Auf Fahrradstraßen gab es bisher keine Höchstgeschwindigkeit. Ab April gilt hier Tempo 30. Autofahrer müssen ihre Geschwindigkeit sogar unter Umständen noch weiter drosseln, um den Radverkehr nicht zu behindern oder gar zu gefährden. Vor allem Autofahrer sind von dem neuen Haltverbot auf Radfahrstreifen betroffen. Radfahrstreifen sind durch eine breite durchgezogene Linie auf der Fahrbahn abgesetzt und stehen ausschließlich dem Radverkehr zur Verfügung. Bisher mussten die Behörden entlang von Radfahrstreifen ein Haltverbot mit gesonderten Schildern extra ausweisen. Mit der neuen Regelung ist das Halten automatisch verboten. Auf Schutzstreifen, die durch eine unterbrochene schmale Linie abgegrenzt werden, gilt nun analog ein Parkverbot. Die Schutzstreifenmarkierung soll von Kraftfahrzeugen nicht überfahren werden, außer wenn z. B. Lkw oder Busse den Platz unbedingt benötigen. Die Fahrer müssen dabei auf den Radverkehr Rücksicht nehmen.

Vorschriften zu Kinderanhängern
Die bisherige Straßenverkehrsordnung enthielt keine speziellen Regelungen für die Mitnahme von Kindern in Fahrradanhängern. Diese Transportart hat in den letzten Jahren erheblich an Beliebtheit gewonnen. Mit der neuen StVO dürfen in einem dafür speziell geeigneten Anhänger maximal 2 Kinder bis 7 Jahre mitgenommen werden. Der Radfahrer muss mindestens 16 Jahre alt sein. Diese Altersgrenzen entsprechen denen für die Mitnahme eines Kindes auf einem Fahrradsitz.

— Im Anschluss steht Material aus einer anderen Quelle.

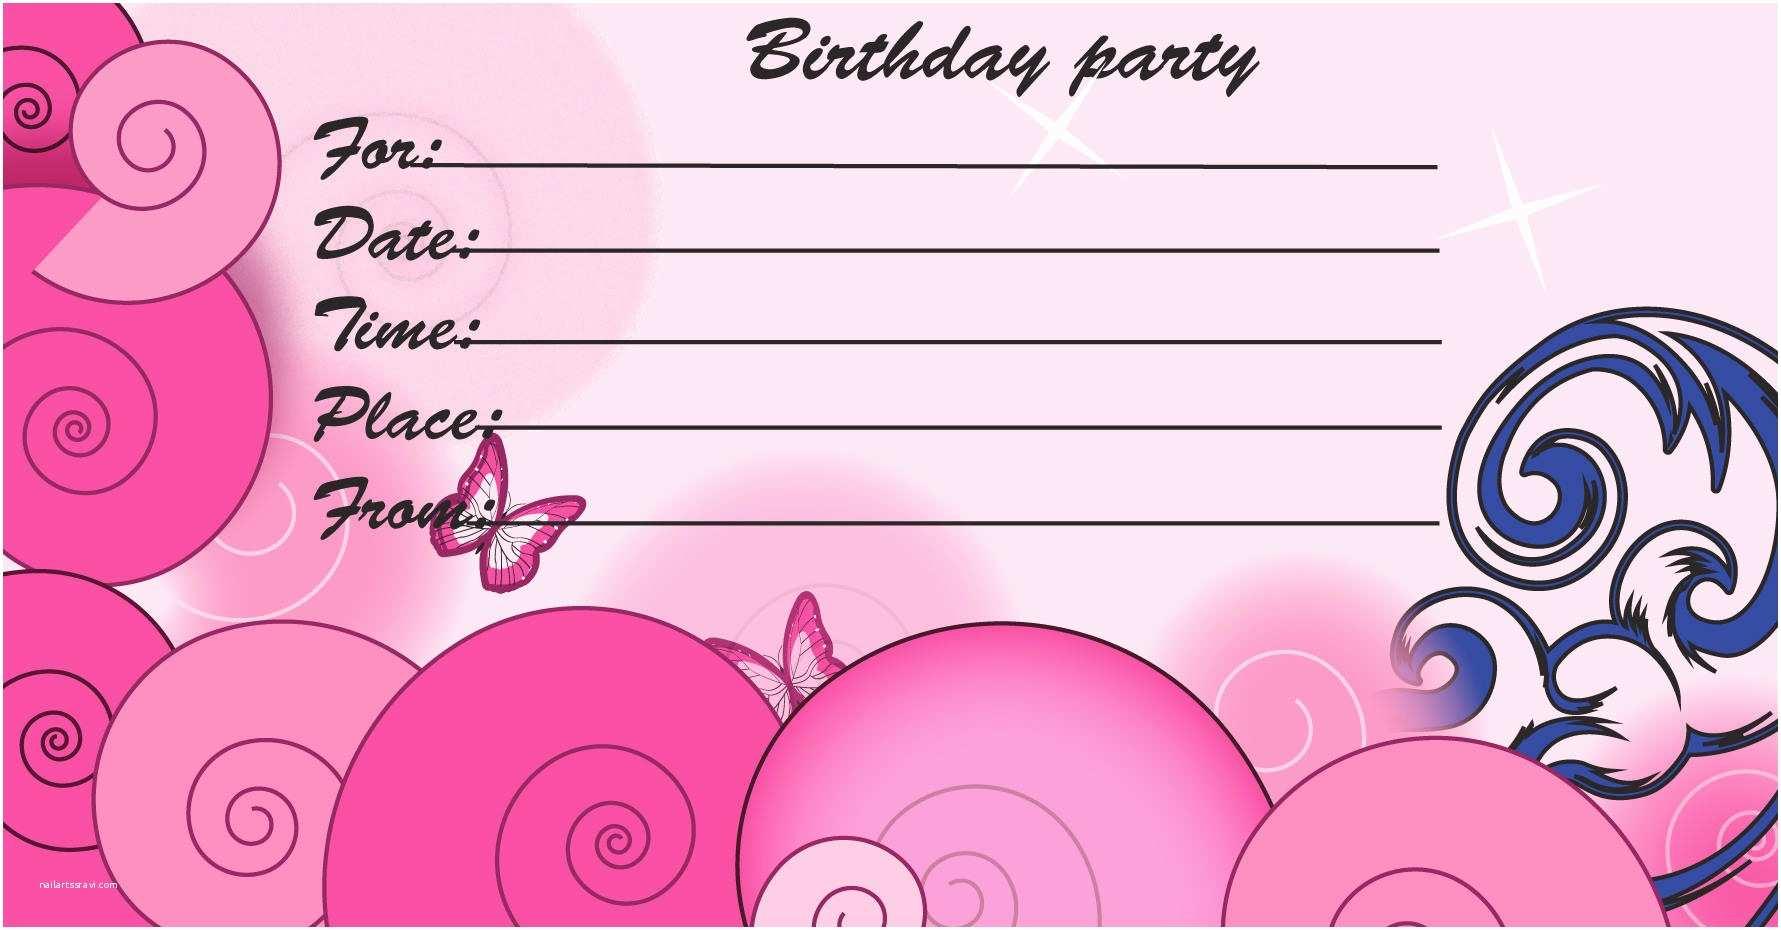 Birthday Invitations Templates 19 Inspirational Birthday Party Invitation Cards and

Regeln an Ampeln und für Inlineskater

An Ampeln gilt zukünftig diejenige für den Fahrverkehr grundsätzlich auch für Radfahrer. Fährt man auf einer Radverkehrsanlage (z. B. Radweg oder Radfahrstreifen), gelten die Ampeln mit einem Fahrradsymbol. Noch bis Ende 2016 müssen Radfahrer auf Fußgängerampeln achten, wenn die Fahrradfurt direkt an die Fußgängerfurt grenzt. Diese Übergangsregelung soll den Straßenverkehrsbehörden genügend Zeit geben, die Ampeln an die neue Rechtslage anzupassen.

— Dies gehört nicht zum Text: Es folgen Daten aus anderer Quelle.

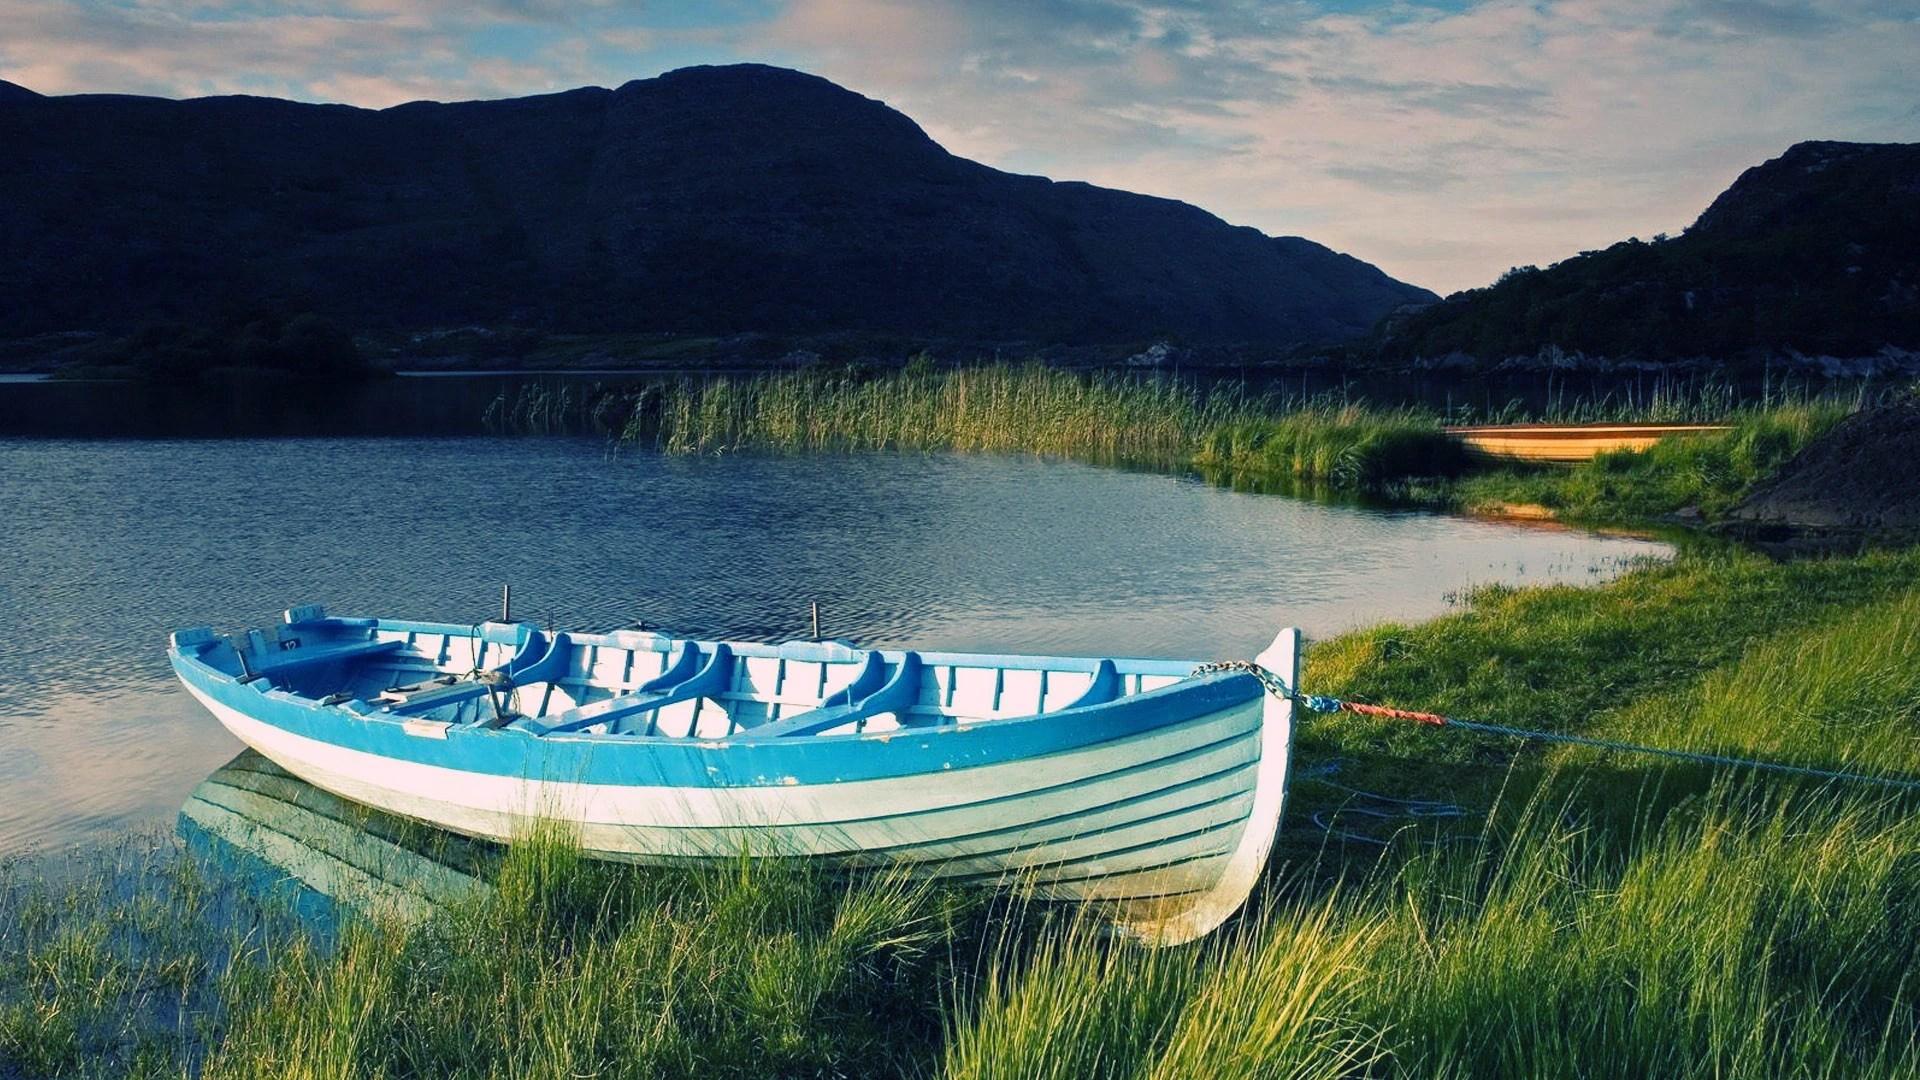 Boat Lake Wallpaper

re_stvo_4_skfreiAuch wenn es ein erklärtes Ziel der „Schilderwaldnovelle“ war, die Anzahl der Schilder zu verringern, gibt es auch neue Verkehrszeichen: Für die wachsende Zahl an Inline-Skatern erlaubt das Zeichen „Inline-Skaten und Rollschuhfahren frei“ die Benutzung eines Radwegs, auch wenn sie sonst den danebenliegenden Gehweg benutzen müssten. Gibt es keinen Gehweg, müssen Skater den Seitenstreifen oder den rechten Fahrbahnrand nutzen.

Die StVO-Neuerungen im Überblick: http://www.adfc-nrw.de/28ce19bb.l

Info: Die StVO und das Radwegeurteil
Das bekannte Radwegeurteil des Bundesverwaltungsgerichts von 2010 (siehe Rad am Niederrhein 1/2011) ist genau in die Zeit gefallen, als die StVO-Version von 2009 bereits wieder kassiert war. Um Konsequenzen aus dem Urteil zu vermeiden, hat es Versuche gegeben, die Rechtsgrundlage so zu verändern, dass das Urteil nicht mehr greifen würde. Durch intensive Einflussnahme des ADFC auf allen Ebenen konnten solche Änderungen verhindert werden. Wenn nun ab April die neue Straßenverkehrsordnung in Kraft tritt, wird der ADFC seine Anstrengungen verstärken, die Straßenverkehrsbehörden zu veranlassen, dort benutzungspflichtige Radwege aufzuheben, wo keine Notwendigkeit besteht. Stattdessen sollen Radfahrer eine Wahlmöglichkeit erhalten, auf dem Radweg oder der Straße zu fahren. Außerdem sollen alle Radwege unabhängig von einer Benutzungspflicht auf ein modernes und sicheres Niveau gebracht werden. Hierzu hat der ADFC-Bundeshauptausschuss Ende Januar in Fulda die Weichen gestellt.